Kasowitz, Benson, Torres & Friedman guided MBIA Inc. through many of its legal battles stemming from the financial crisis. Can the firm now help MBIA recoup millions of dollars in legal fees from its insurers?
MBIA sued a trio of insurers—Certain Underwriters at Lloyd’s of London, Lexington Insurance Company, and Wirrtembergische Versicherung AG—on Friday in U.S. district court in Manhattan. The complaint, filed by Kasowitz Benson’s Robin Cohen. alleges that the insurers are liable for breach of contract because they’ve refused to cover legal costs incurred by MBIA in recent years, including “tens of millions of dollars” spent in a high-profile court fight over MBIA’s 2009 restructuring.

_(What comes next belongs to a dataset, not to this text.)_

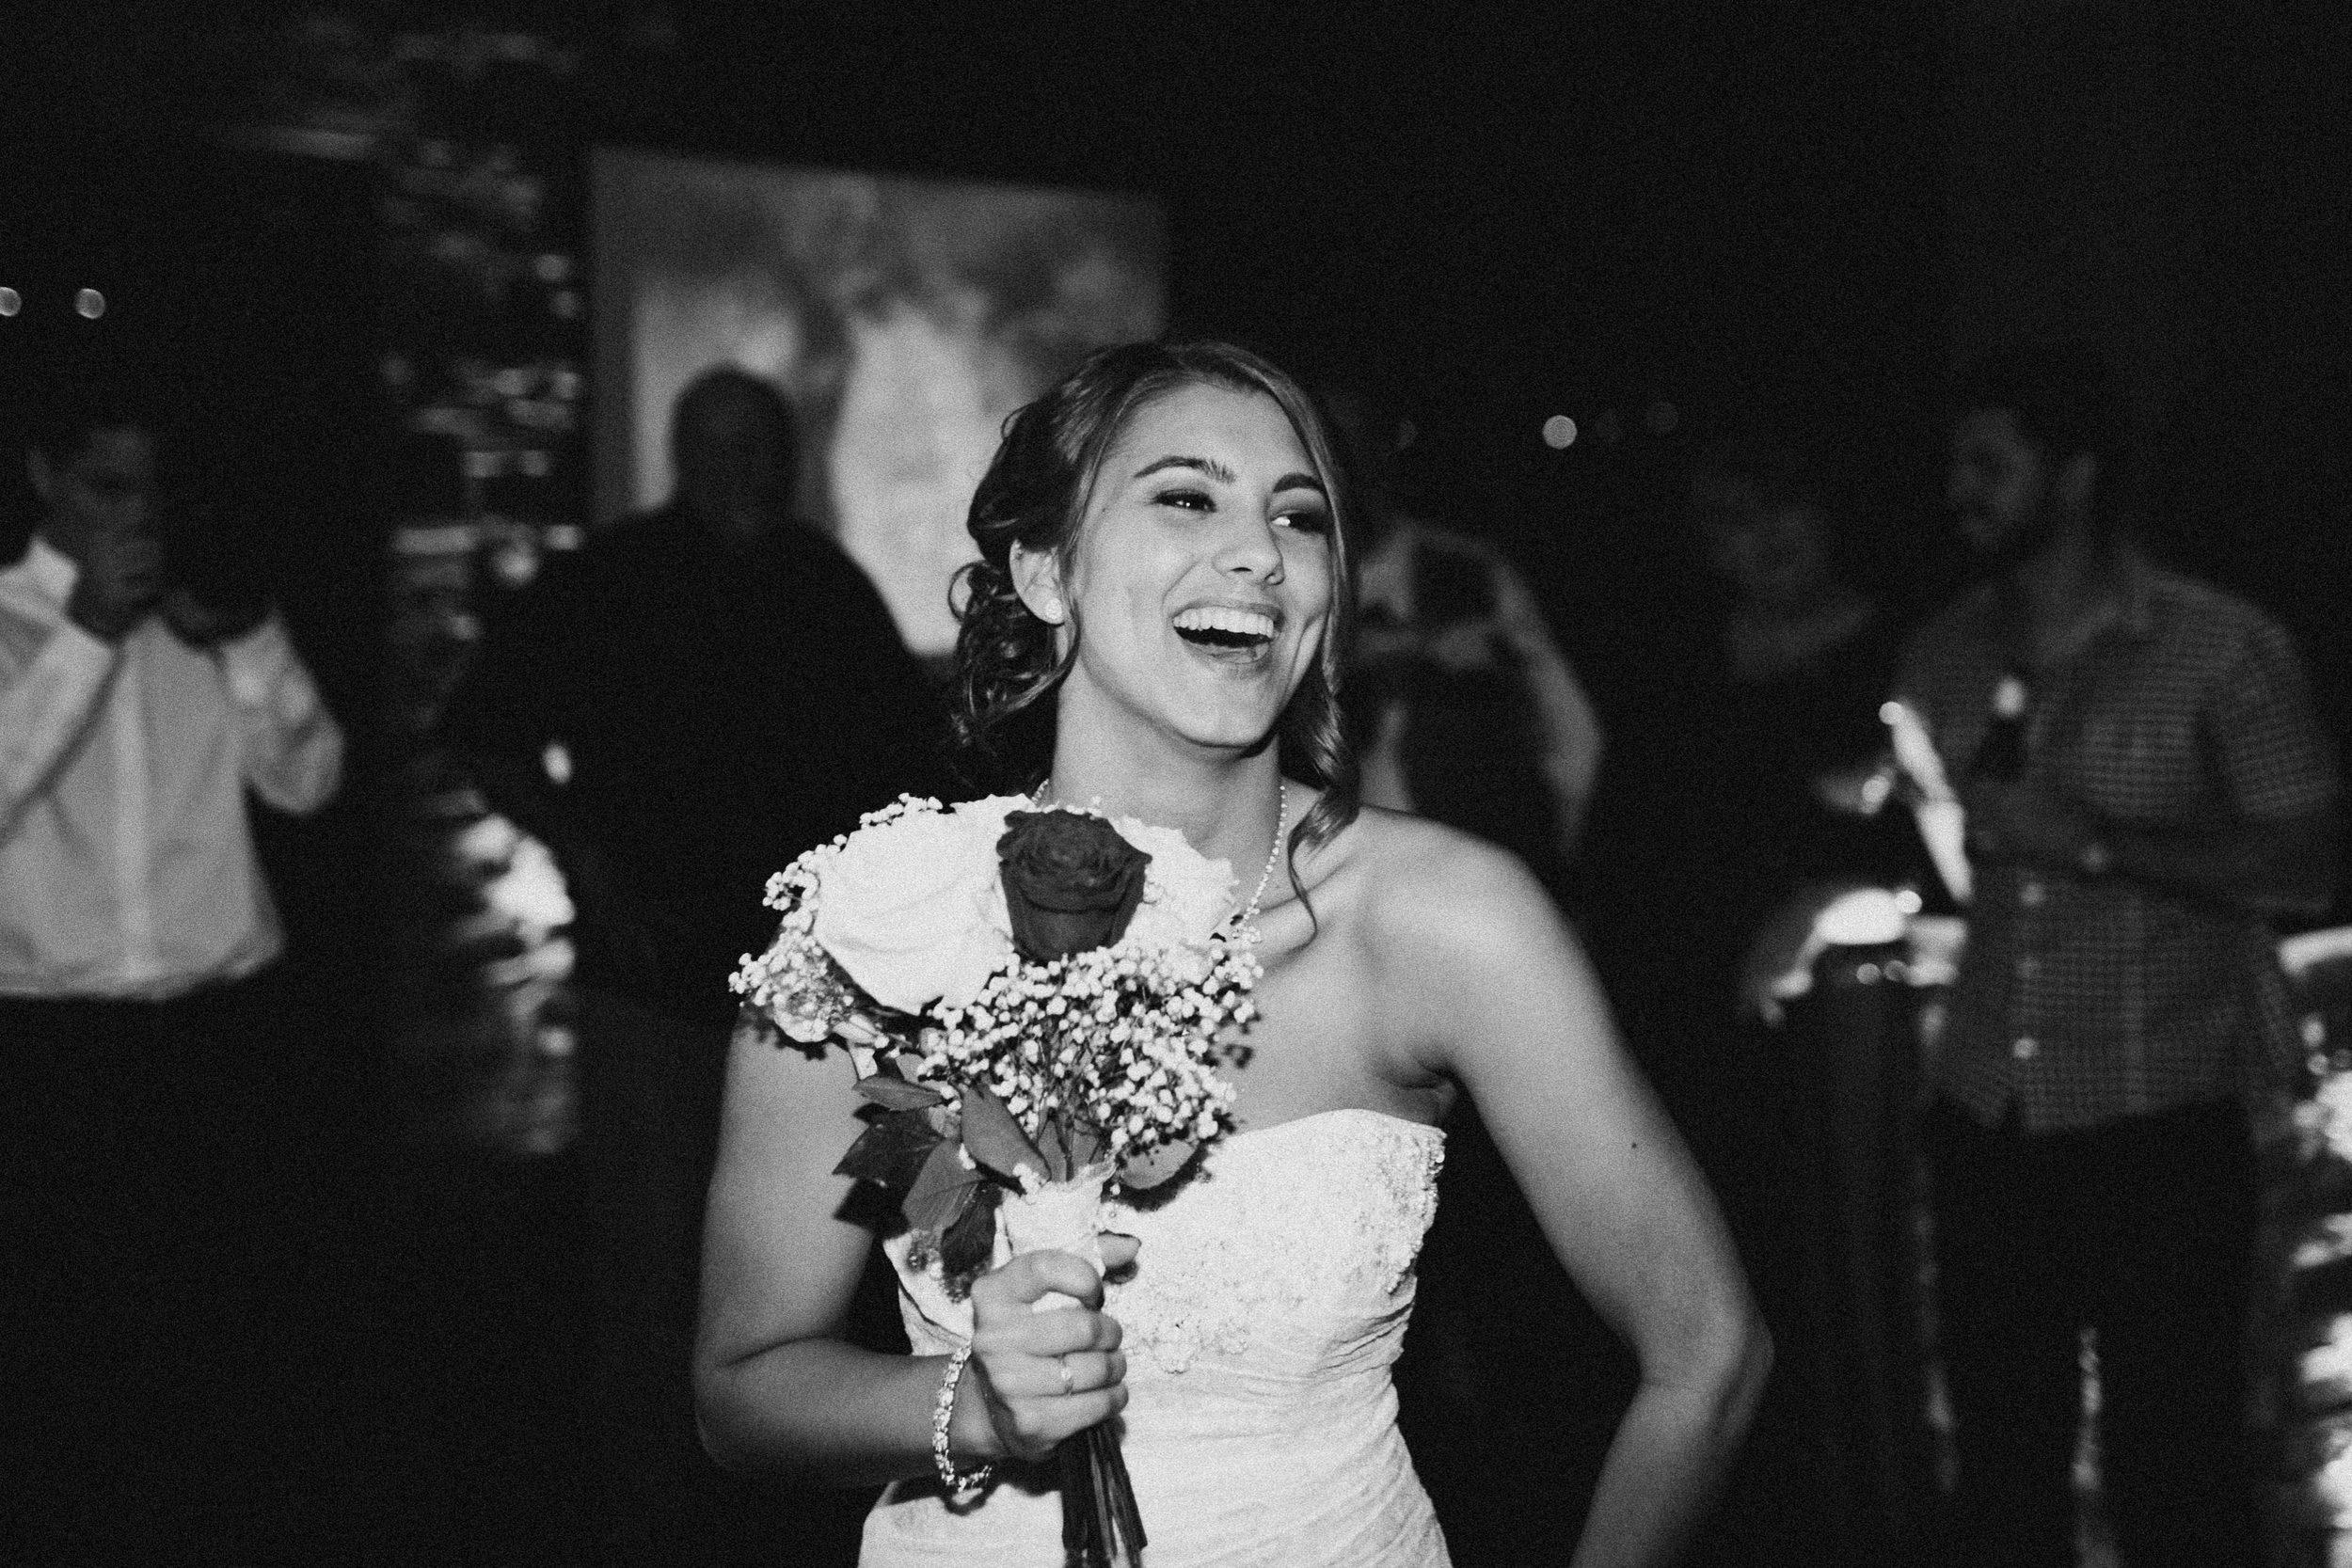 Cheyenne + Jordan - Wedding, Natalie Griffo (126 of 157).jpg
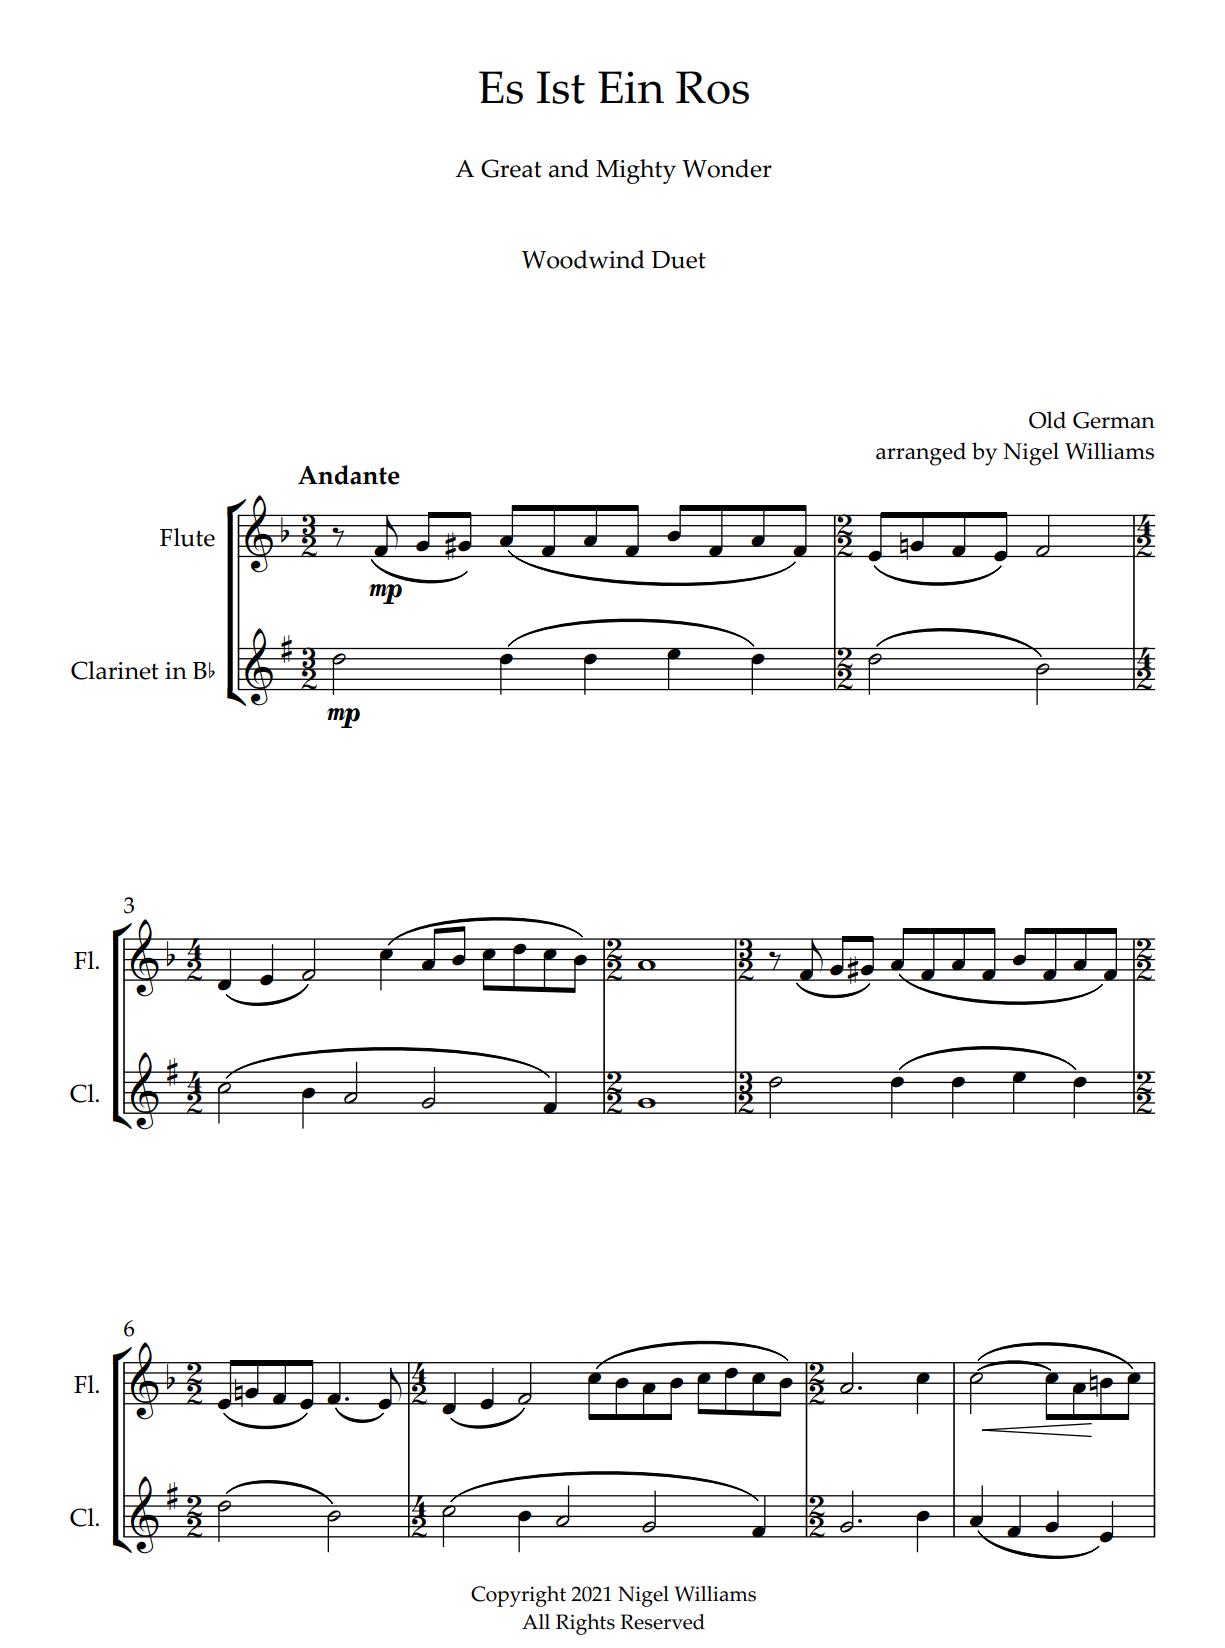 Es Ist Ein Ros, for Flute and Clarinet

Since 1973, MBIA has provided financial guaranty insurance to investors in municipal bonds. MBIA later began insuring collateralized debt obligations and other financial products cooked up during the mortgage boom. In the wake of the subprime meltdown in 2007 and 2008, MBIA was stuck covering investor losses. With the approval of New York’s insurance regulator, MBIA spun off its older, healthier municipal insurance business into National Public Finance Guarantee Corporation in 2009, leaving behind its troubled structured finance division under the MBIA name.
Plenty of litigation has plagued MBIA since the economic downturn. Beginning in 2008, municipal governments sued the company, alleging that it required them to buy worthless bond insurance. Municipalities also brought suits alleging that MBIA and other financial institutions fixed the price of municipal derivatives. And 18 leading financial institutions, including Bank of America Corporation, sued MBIA over its restructuring, alleging that it was a fraudulent conveyance intended to shield assets from claimants.
MBIA has settled some of those cases and prevailed in others. Its most notable victory was a March 2013 ruling from a New York judge that the restructuring was lawful. By the time the ruling came down, BofA and Societe Generale SA were the only remaining defendants, and both settled instead of pursuing further appeals. Kasowitz Benson chairman Marc Kasowitz represented MBIA in the restructuring litigation. (See some of our prior coverage here, here and here.)
In Friday’s complaint, MBIA argues that it was entitled to up-front lump payments from the insurers to cover its enormous legal fees. According to MBIA, the underwriters stalled, arguing that they weren’t required to pay up until the cases concluded. Now that MBIA has reached settlements or won favorable rulings, the underwriters are refusing to pay “on the supposed basis that they are not obligated to pay MBIA on any underlying claim until all related underlying claims, including separately litigated lawsuits that were filed years after the initial lawsuits, have been resolved.”
A Lexington Insurance spokesperson didn’t return an email seeking comment.